(Items from a dataset)
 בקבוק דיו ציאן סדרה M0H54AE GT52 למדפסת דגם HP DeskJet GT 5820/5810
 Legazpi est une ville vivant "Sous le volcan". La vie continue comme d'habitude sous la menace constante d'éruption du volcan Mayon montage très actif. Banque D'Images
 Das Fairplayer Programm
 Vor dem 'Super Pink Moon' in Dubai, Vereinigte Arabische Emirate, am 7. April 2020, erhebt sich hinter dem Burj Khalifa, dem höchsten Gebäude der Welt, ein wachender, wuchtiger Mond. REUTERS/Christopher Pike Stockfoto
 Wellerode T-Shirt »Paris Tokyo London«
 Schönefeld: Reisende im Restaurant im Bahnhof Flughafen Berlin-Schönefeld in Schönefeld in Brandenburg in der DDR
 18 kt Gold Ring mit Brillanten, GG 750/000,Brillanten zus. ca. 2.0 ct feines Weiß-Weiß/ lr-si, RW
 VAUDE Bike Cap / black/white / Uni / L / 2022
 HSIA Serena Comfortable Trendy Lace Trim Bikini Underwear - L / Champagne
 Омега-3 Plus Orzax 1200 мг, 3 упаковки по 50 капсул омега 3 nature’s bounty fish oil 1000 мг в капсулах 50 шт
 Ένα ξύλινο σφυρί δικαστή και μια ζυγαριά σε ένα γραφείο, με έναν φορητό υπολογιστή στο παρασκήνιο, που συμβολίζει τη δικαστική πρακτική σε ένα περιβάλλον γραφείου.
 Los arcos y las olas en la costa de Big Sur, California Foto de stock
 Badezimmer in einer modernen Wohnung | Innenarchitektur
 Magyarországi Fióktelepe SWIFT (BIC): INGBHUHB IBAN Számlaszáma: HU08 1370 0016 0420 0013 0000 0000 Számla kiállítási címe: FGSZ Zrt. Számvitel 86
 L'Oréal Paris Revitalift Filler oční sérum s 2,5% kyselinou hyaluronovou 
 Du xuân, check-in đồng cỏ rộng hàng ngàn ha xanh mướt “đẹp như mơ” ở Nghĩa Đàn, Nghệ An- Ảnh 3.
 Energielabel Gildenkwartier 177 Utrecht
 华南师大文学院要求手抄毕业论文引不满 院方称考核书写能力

**Exercise details**
Wherever the line holding "Ένα ξύλινο σφυρί" falls in the entries above, copy exactly from it through the line holding "Badezimmer in einer", inclusive, and add nothing.

**Result of the task**
 Ένα ξύλινο σφυρί δικαστή και μια ζυγαριά σε ένα γραφείο, με έναν φορητό υπολογιστή στο παρασκήνιο, που συμβολίζει τη δικαστική πρακτική σε ένα περιβάλλον γραφείου.
 Los arcos y las olas en la costa de Big Sur, California Foto de stock
 Badezimmer in einer modernen Wohnung | Innenarchitektur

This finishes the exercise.